Additionally, she says, she was motivated by the idea of reducing waste through the reuse of the dresses.
But the project moved beyond just financial and environmental concerns for van Rijssen when she saw the reactions of the students who picked out dresses last year.
“Witnessing these young women see how beautiful they looked and felt became such a magical experience,” she explains. “Positive body affirmation and embracing you for you — both inside and out — is really what this is all about.”
Groce United Methodist Church is at 954 Tunnel Road.
Low-watt pirate radio station Free Radio Asheville, which brought an electric mix of music and liberal-minded political commentary to the area from 1998 to 2006, is coming to the silver screen.
Free the Airwaves was written and directed by Cory Boughton, who hosted the station’s weekly “Lokhan & Luwingo Show” with his brother Brad Boughton from 2001-06. The Boughtons play the main characters in the film, which follows their journey into Asheville’s underground scene.
The movie will premiere at Asheville Pizza and Brewing Co. at 8 p.m. Friday, March 10, and Saturday, March 11.
“I had been a part of Free Radio Asheville for years, and the story was one that I was always told needed to be made into a film,” Corey Boughton says. “Rich and layered, it had characters like only Asheville could produce. So, when I was searching for content for my first feature film, I realized that this story was the one.”
He wrote the script in 2013 when he was living in New York. Production began in summer 2020 after Boughton moved back to Asheville and was looking for something to do during COVID-19 restrictions.
Several people play younger versions of themselves in the movie, while other roles are filled by local and outside actors. The movie features music from more than 70 artists, including local bands The Southern Lights, East Coast Dirt and Sophisticated Chimps.
Radio Free Asheville operated on several channels over its history, including 107.5 FM.
“They were hunted by the FCC and forced off the air several times, always popping up again in a new location within 24 hours,” Boughton says.
Asheville Pizza and Brewing Co. is at 675 Merrimon Ave. For more information, go to avl.mx/cgd. To see the movie trailer, visit avl.mx/cgc.
On the fringe
The 21st Asheville Fringe Arts Festival will be Sunday, March 19-Sunday, March 26, at various locations. The festival will include more than 50 performances, including dance, theater, puppetry, music and film.
In addition to its regular venues, Fringe is taking over Foundy Street in the River Arts District, with events at Art Garden, Tyger Tyger Gallery, the Marquee, the Grail Moviehouse, House of Kismet and the Cloud Room at the Wedge.

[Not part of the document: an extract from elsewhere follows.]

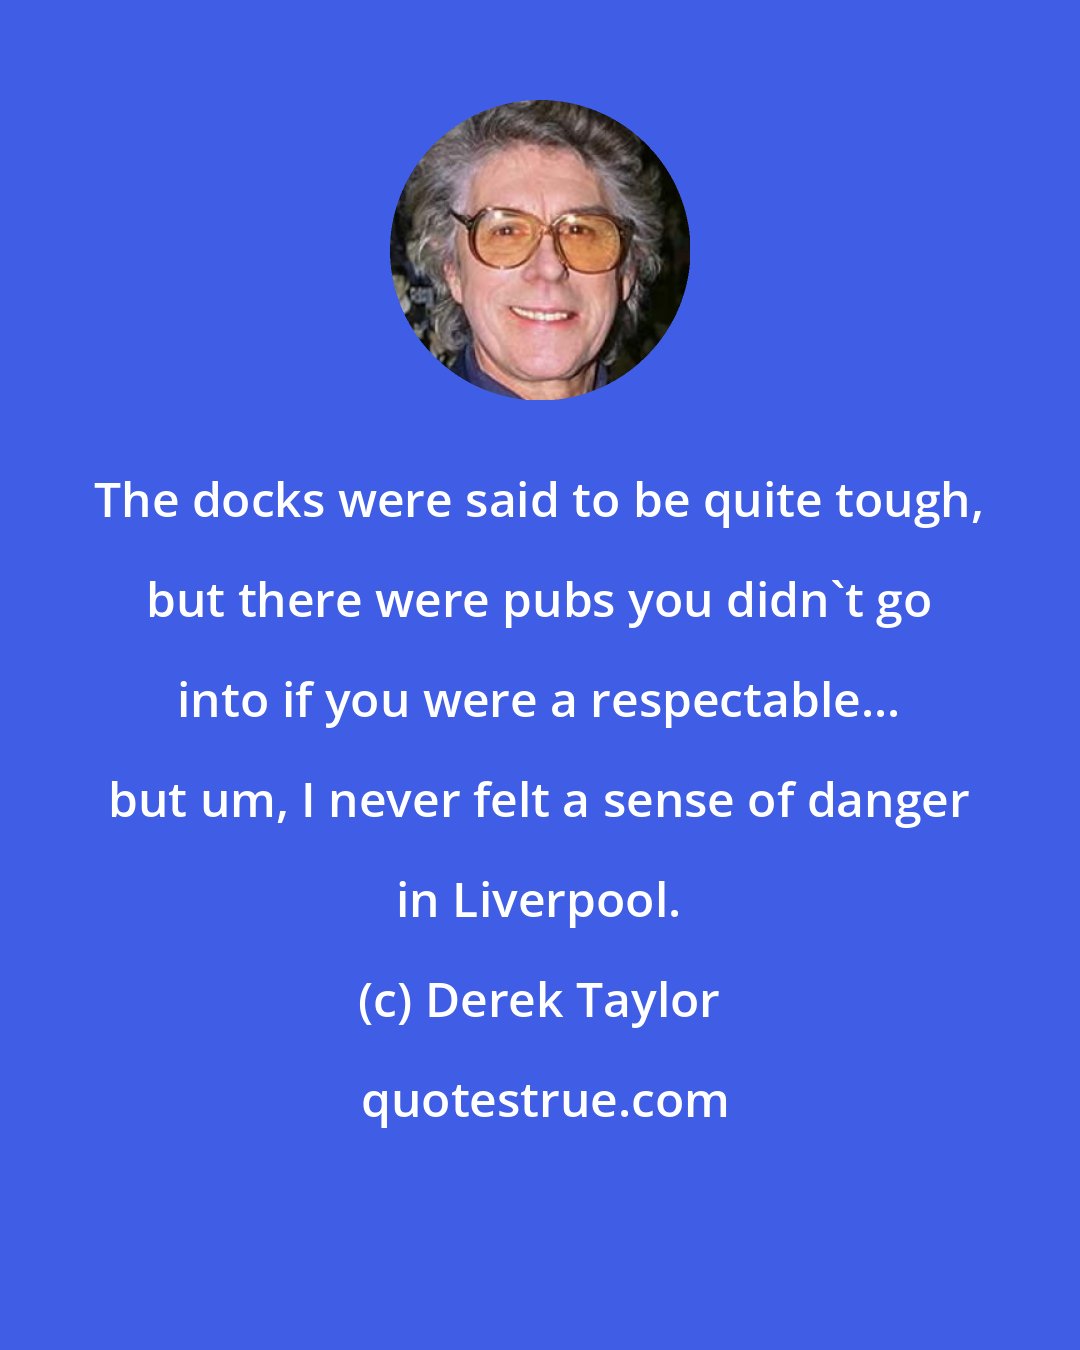 Derek Taylor: The docks were said to be quite tough, but there were pubs you didn't go into if you were a respectable... but um, I never felt a sense of danger in Liverpool.

Among highlights of the festival, Cooper Bates will perform “Blacked Out,” part two of his 2020 autobiographical one-man show “Black When I was a Boy;” Asheville’s The Cardboard Sea theater company will present radio serial “Speckles, the Sinister Pirate” as a free, self-guided audio tour around Foundy Street; and musical duo A Glassy Ruckus will perform work inspired by Yiddish folk tales about animals and interspecies relationships.
In addition, Fringe film night returns with two programs of short films from Asheville and all over the world.
For more information or to buy tickets, go to avl.mx/cge.
All about that brass
The Blue Ridge Symphonic Brass will present a free concert at Cathedral of All Souls Episcopal Church at 4 p.m. Sunday, March 12.
Led by conductor Jamie Hafner, the ensemble will present styles ranging from baroque to popular to contemporary, including an antiphonal brass choir selection by Italian composer Giovanni Gabrieli.
Cathedral of All Souls is at 9 Swan St. in Biltmore Village. For more information, go to avl.mx/cgg.
Queer Studies Conference
UNC Asheville will host its biennial Queer Studies Conference Friday, March 24-Sunday, March 26. The event will bring scholars, artists and activists together for workshops and presentations on the theme “Blooming: Metamorphoses and Seasons of Queerness.”
Keynote speakers will be Alexis Pauline Gumbs, recipient of the 2022 Whiting Award in Nonfiction, and Andie Morgenlander, co-founder of the Justice Film Collective.